On my last hour of being twenty-seven, I can’t help relishing the beautiful sleekness of the number seven as opposed to the rotund, snowman-like figure eight. I hope this doesn’t mean that my metabolism immediately plummets, obliterating any hope of slimness, much like the change of the form of the digits. It’s been a futile resistance over the past few months, swinging back and forth between plans for the future and eating habits. A failure of self-control.
As they usually are, twenty-seven was a roller coaster of a year, but I’m not sure if I liked it. There were blessings to be counted, and I want to be on the good feelings corner. But I’m not.
Ever since I was eighteen, birthdays have been an emotional mess. I’m usually not sure whether I want to be around company, or wanting to head over towards Antarctica so that nobody can reach me.

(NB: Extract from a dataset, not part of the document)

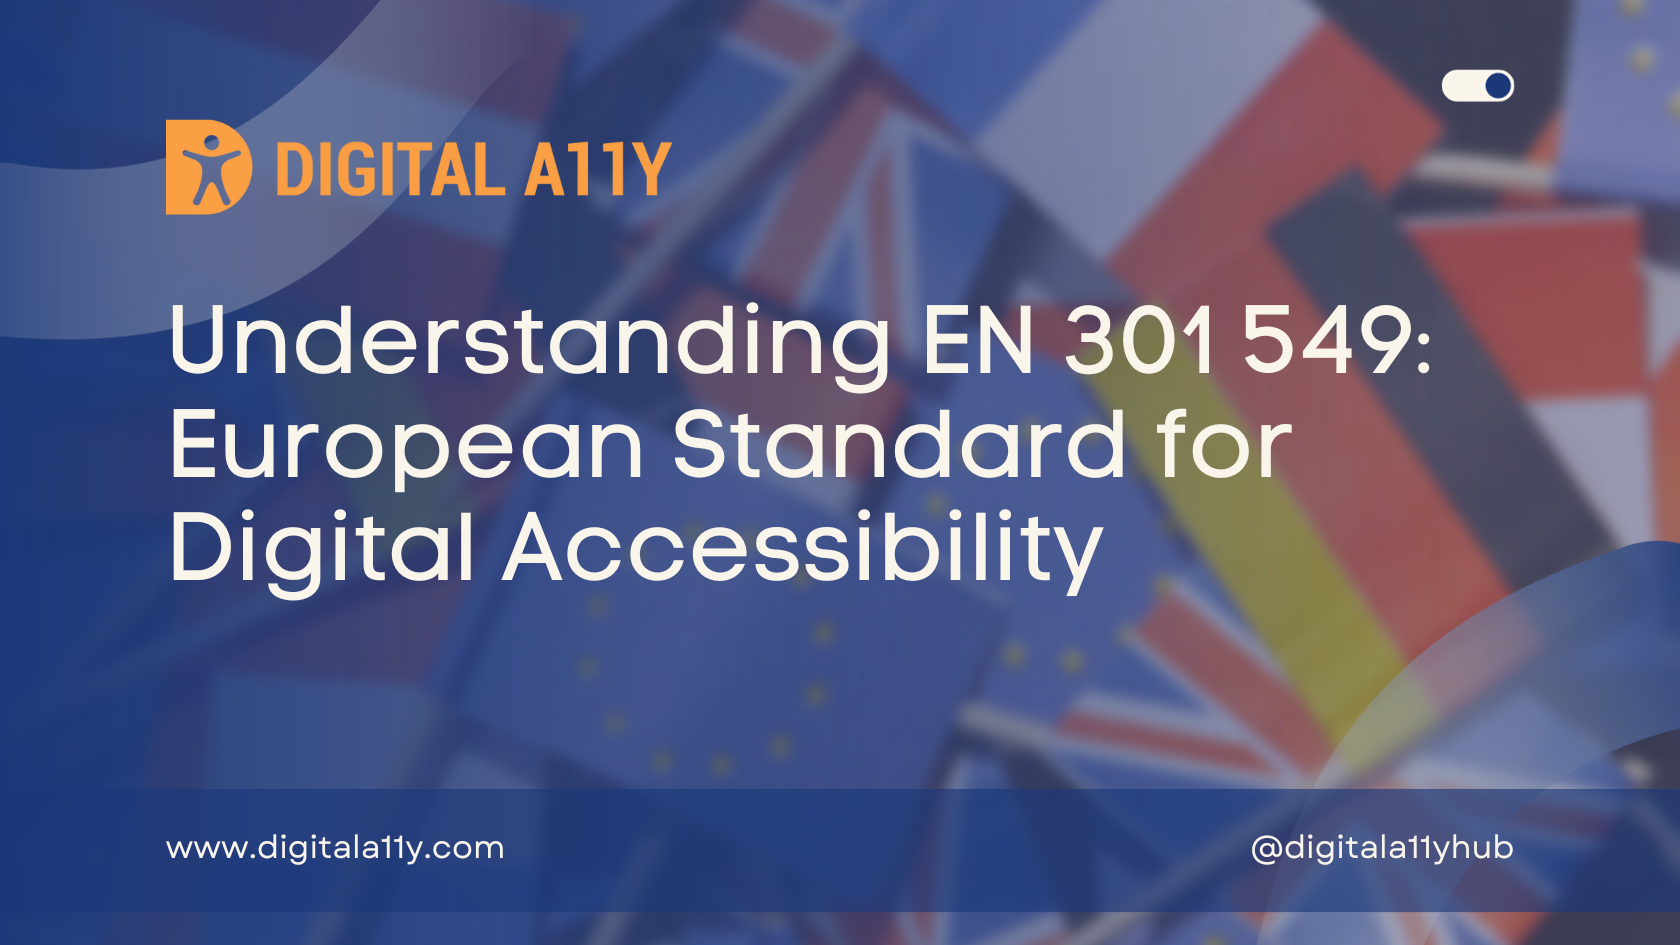 Understanding EN 301 549 European Standard for Digital Accessibility

Crazy, isn’t it? This birthday is one of those. Even though twenty-eight is still young, I can’t help but feel pressure on having made something of myself, in some kind of (I’d hate to admit it but) prestigious manner. Instead, it’s been a humbling year, of decisions that seem to have no discernable direction for now. I feel lost, and question whether I’ve made the most out of my opportunities, or whether someone else would’ve been better off having my life. Even though I managed to finish the 12 week bikini body workout within this year, I didn’t commit to the eating aspect of it, and managed to make my way back to the starting weight. One of my pants have ripped, which was sadly amusing. I haven’t learned German, or Mandarin, or Spanish, or Japanese… No new language. I’ve gained some skills, from new work experiences, but I don’t know where it’s headed. I haven’t been as dedicated to God as I hoped to be, not engraving His Words on my heart despite BSF etc. I’ve met new people, yet I feel alone. To a small extent, it grates on me that during my early twenties I thought that maybe… maybe I would’ve met someone by now who could be a potential partner in life. It doesn’t bother me much yet, but that kettle is hissing from the back burner.
All in all, I feel a combination of aimlessness, failure, unattractiveness, and fatness. It seems like a useless life. This is a lot of sad bickering, but… I feel like crap, and it just needs to play itself out for a bit.
I don’t know where twenty-eight is headed, and it scares me. It feels too late to be ‘starting out’ again, to aim to take care of my body (I still really want nice arms and abs, but I need to put in the work for it if I really want it), and to develop rare and valuable skills… I miss being twenty-five. It’s just as tiring to say that I’ll make it a good year, as it is to try to change my perspective on the present (because maybe they’re not as bad as I’m making it out to be.) But this is where I am. Eventually, we’ll figure it out. Hopefully, soon.